■ WHAT THE TASK ASKS
Return the listing verbatim, images left out.

■ DATASET SECTION
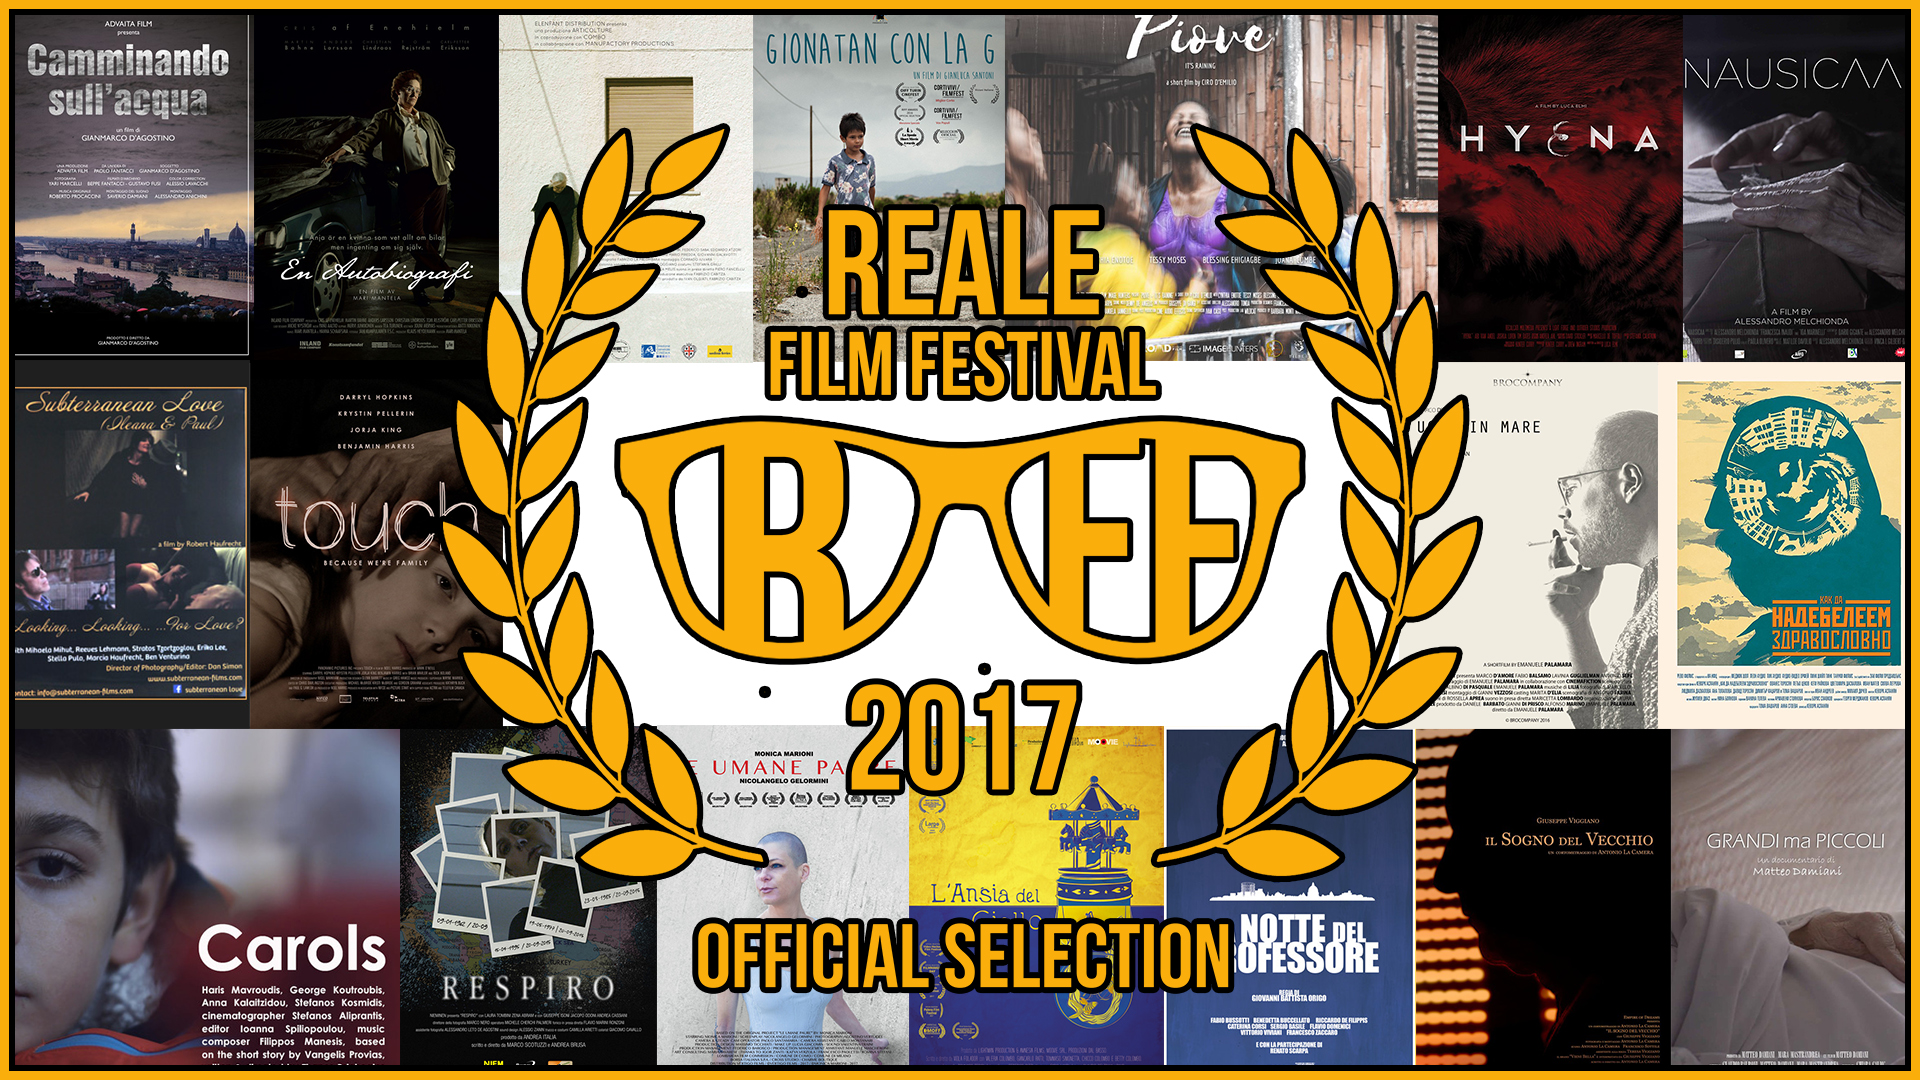 Reale Film Festival – I finalisti / Finalists
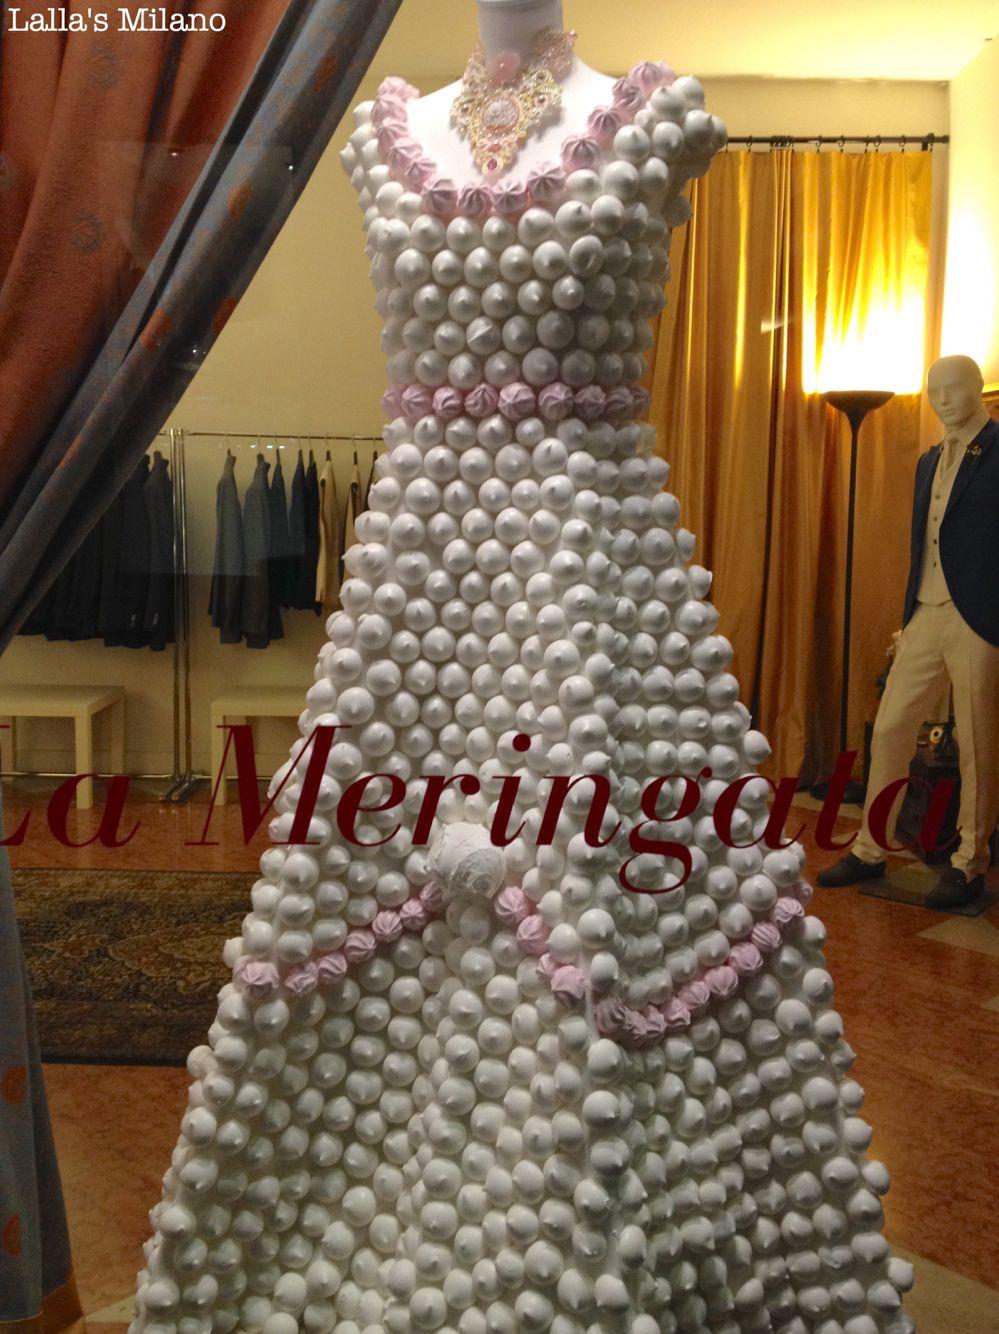 Via San Maurilio Milano want a meringue dress? in milan you can! #lameringata
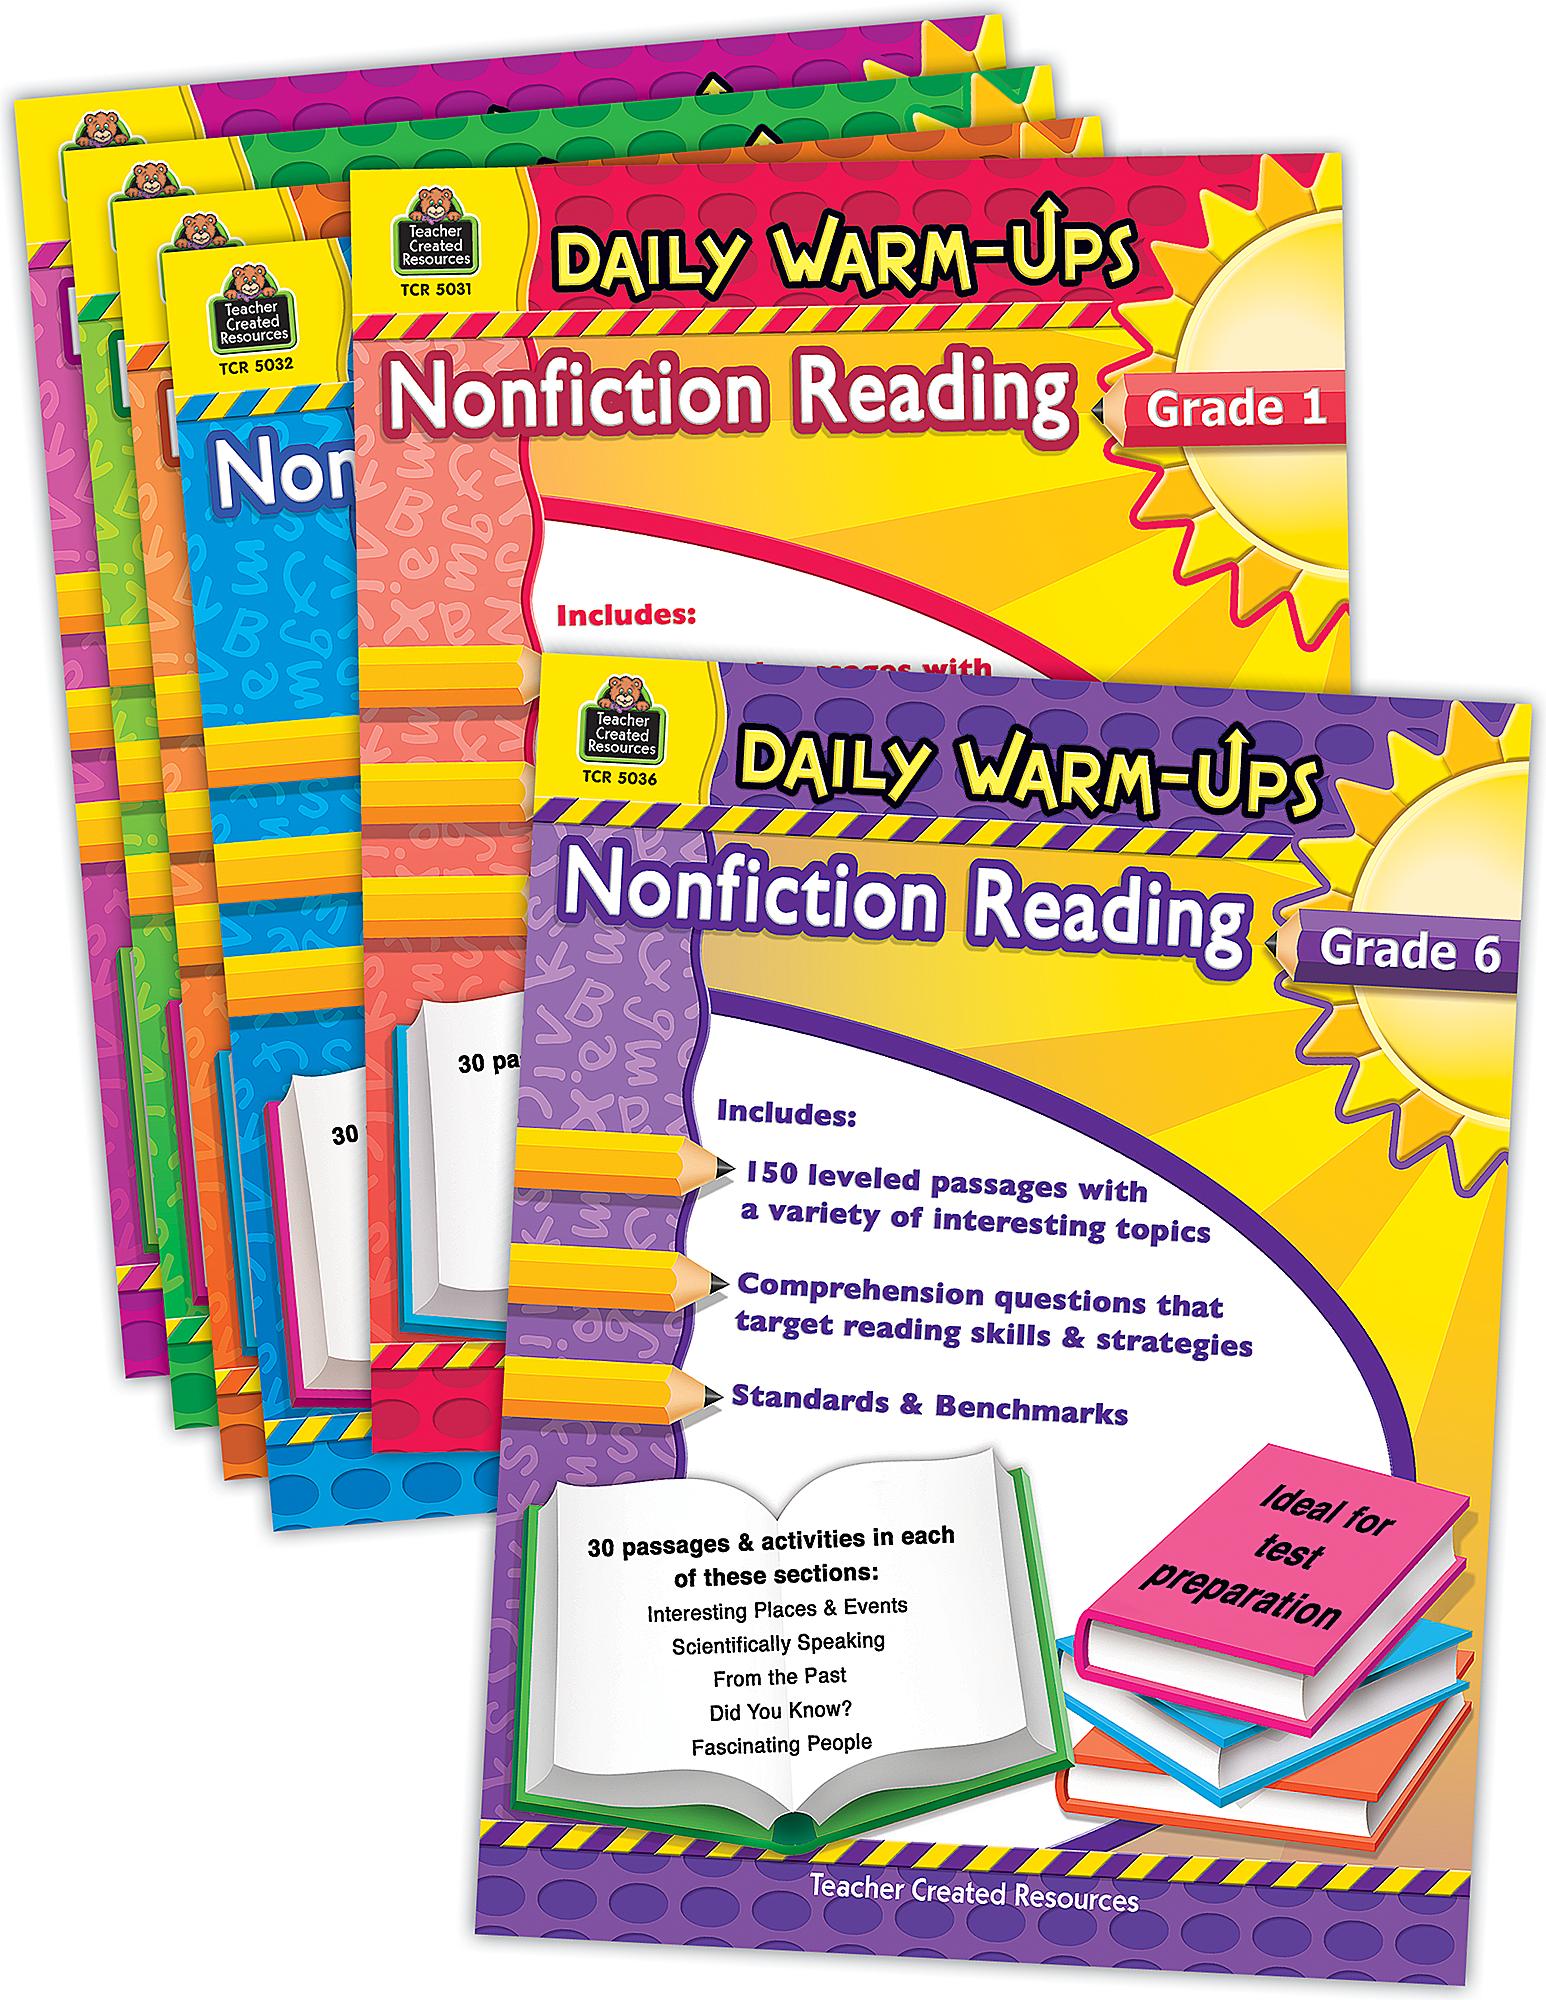 Daily Warm-Ups: Nonfiction Reading Set (6 bks)

■ RESPONSE AREA
 Reale Film Festival – I finalisti / Finalists
 Via San Maurilio Milano want a meringue dress? in milan you can! #lameringata
 Daily Warm-Ups: Nonfiction Reading Set (6 bks)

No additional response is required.